The Wind in the Willows is a 1983 British stop motion animated film produced by Cosgrove Hall Films (the same team behind Truckers) for Thames Television and aired on the ITV network. The film is based on Kenneth Grahame's classic 1908 novel The Wind in the Willows. It won a BAFTA award and an international Emmy award.

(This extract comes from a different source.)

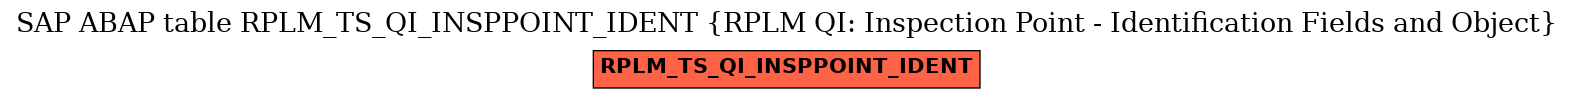 E-R Diagram for table RPLM_TS_QI_INSPPOINT_IDENT (RPLM QI: Inspection Point - Identification Fields and Object)
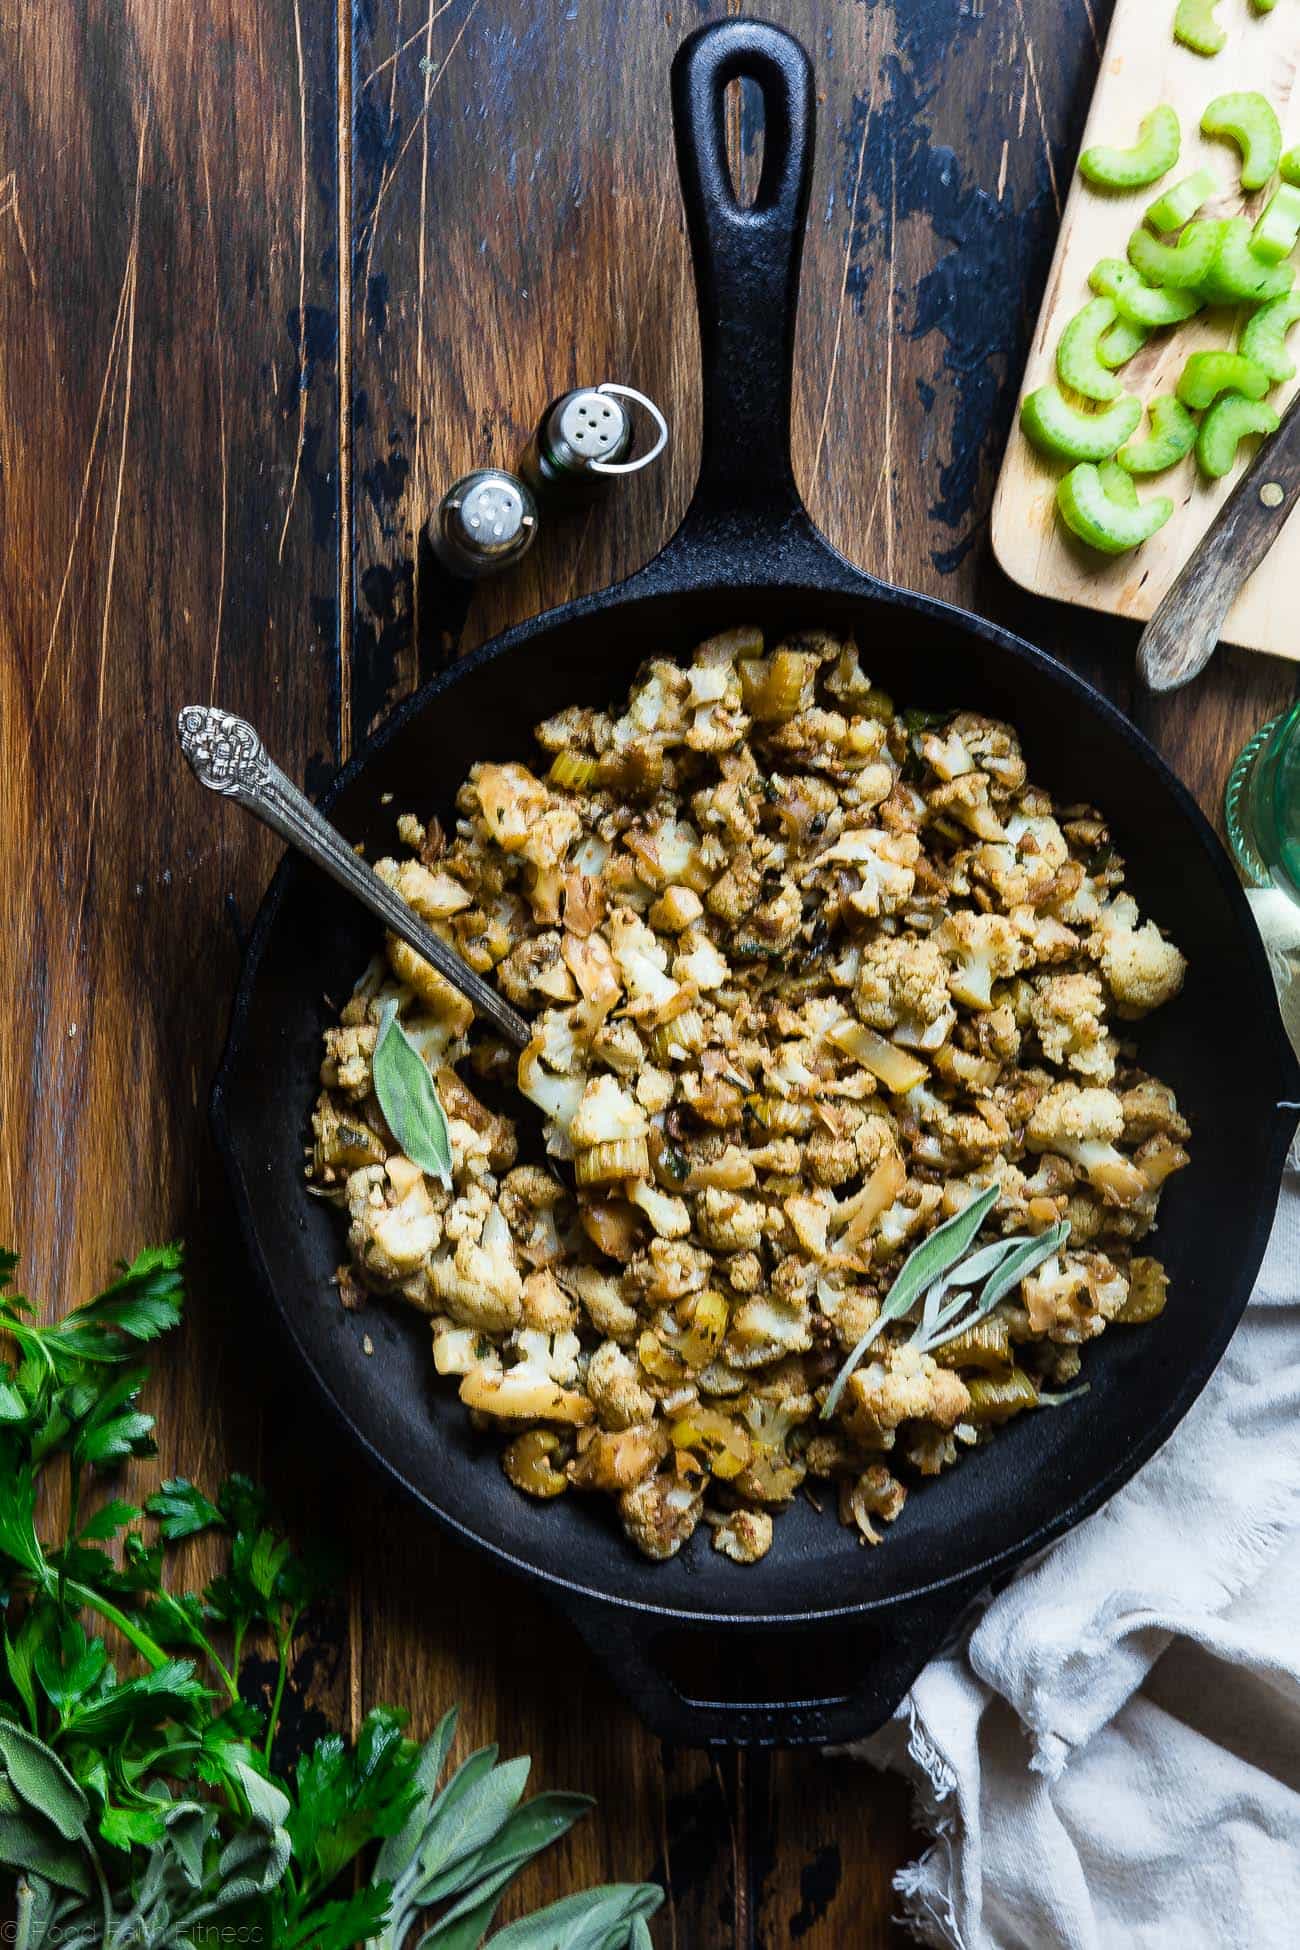 Cauliflower Low Carb Paleo Vegan Stuffing - The BEST vegan stuffing! Made entirely from vegetables but has all the flavor of traditional bread stuffing! It's super easy, whole30 compliant, paleo, vegan, gluten free and SO delicious! Perfect for Thanksgiving or Christmas! | Foodfaithfitness.com | @FoodFaithFit

Between 1984 and 1990, Cosgrove-Hall subsequently made a 52-episode television series, with the film serving as a pilot. The film's music and songs are composed by Keith Hopwood, late of Herman's Hermits, and Malcolm Rowe. The Stone Roses guitarist John Squire worked on the series as a set artist. Voice actors include David Jason, Ian Carmichael, and Michael Hordern.

Plot 

Bored of spring cleaning, Mole leaves his burrow home and goes for a walk in the meadow. He soon comes to a river where he meets and befriends Ratty, a water vole who lives on the riverbank. Ratty is eager for Mole to have new experiences and takes him on a journey down the river in his boat. They bring a Picnic basket and lots of food with them. They decide to have their picnic on the edge of the countryside, near the riverbank. They notice Badger out for a walk and invite him to join them, but he coldly declines and goes home. Ratty reflects that Badger is affable but reclusive, not caring for society and social events. Mole asks where he lives, and Ratty explains that Badger's domain, the Wild Wood, is not a safe place for animals such as themselves. Mole asks what kind of creatures live there that make it so dangerous, but is interrupted by the arrival of the Chief Weasel and his henchman before Rat can answer. While the Chief distracts them with pleasantries, his henchman steals a jar of potted meat. Ratty then warns Mole that, though the weasels might seem "all right in a way", they are not to be trusted. He then takes Mole to visit Toad at his grand, stately home, Toad Hall. Toad invites them to join him on a road trip in his latest source of amusement, a garishly-decorated gypsy caravan, with his horse Alfred pulling the vehicle. Having previously been obsessed with boating, Toad now has become bored of it and now wants travelling to be his new hobby, which is why he got the caravan.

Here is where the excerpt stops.